What is Mody?
Maturity Onset Diabetes of the Young (MODY) is an inherited form of diabetes and has a stronger genetic risk factor than other types of diabetes. It is not linked to obesity like type 2 diabetes, although some symptoms are shared. Generally, patients tend to be young and not necessarily overweight.
MODY affects approximately 1% or 2% of people who have diabetes, so it is very rare. In fact, doctors may not be completely aware of it yet, especially since an estimated 90% of people with MODY are mistakenly diagnosed with type 1 or 2 diabetes. It develops before the patient reaches the age of 25 and passes from one family generation to the next. It is directly caused by a change in a single gene. As a result, all children of an affected parent have a 50% chance of inheriting this gene and consequently developing MODY themselves.

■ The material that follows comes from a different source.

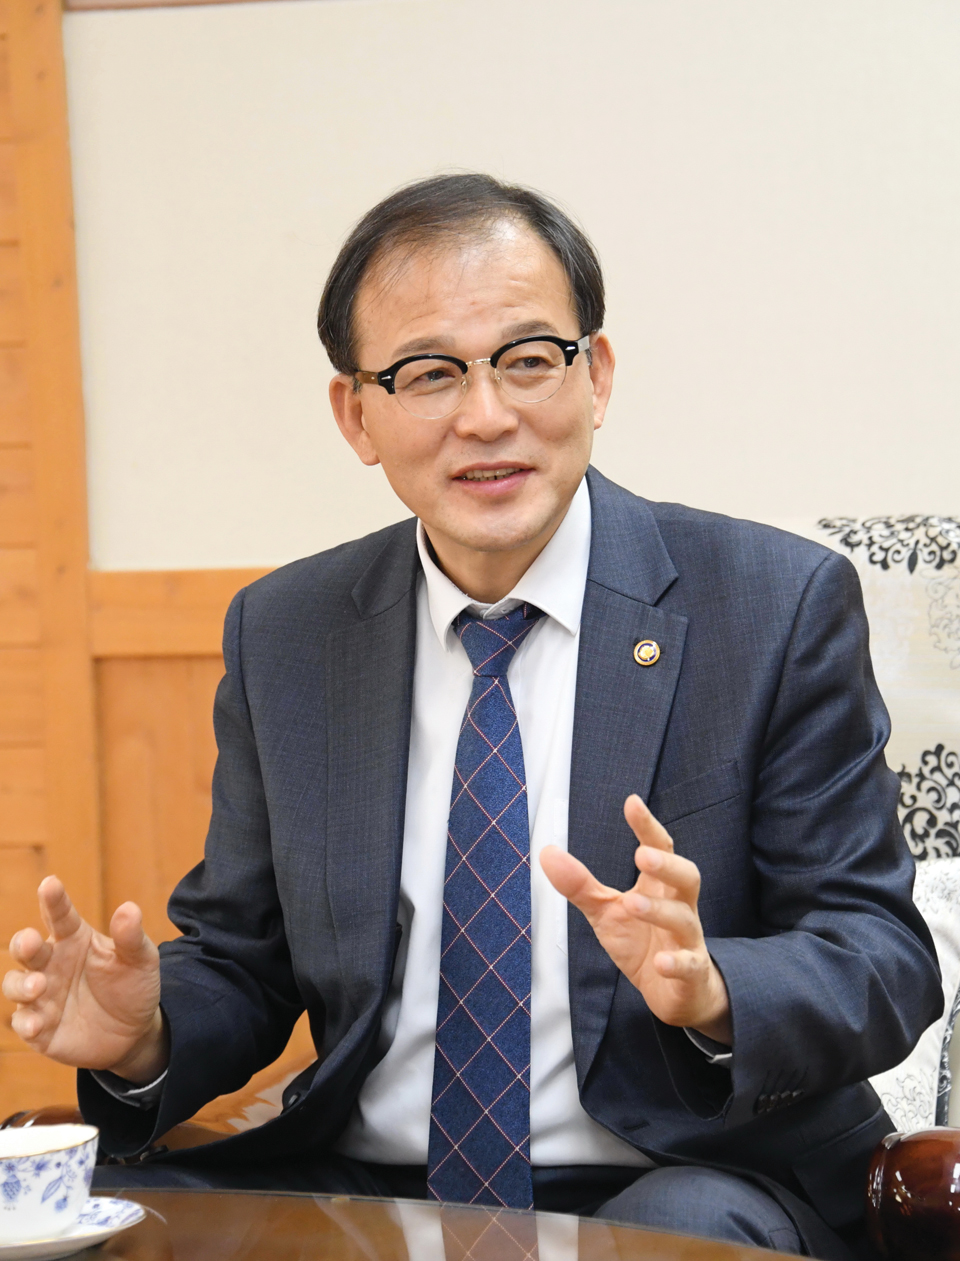 박종호 산림청장이 취임 100일 인터뷰에서 산림정책에 대해 설명하고 있다.

By knowing and understanding MODY, people who are affected can be treated in the most appropriate way possible. Furthermore, the best advice possible can be provided about how MODY will progress and what complications can be expected. Families can also be advised about the risks of inheriting the condition.
Types of MODY
There are five known types of MODY:
HNF1-Alpha – This is the most common form of MODY, responsible for 70% of all cases. The amount of insulin produced by the pancreas decreases as a patient ages, as MODY develops during adolescence or early twenties. Generally, this type of MODY doesn’t require insulin. Treatment usually consists of small doses of sulphonylureas.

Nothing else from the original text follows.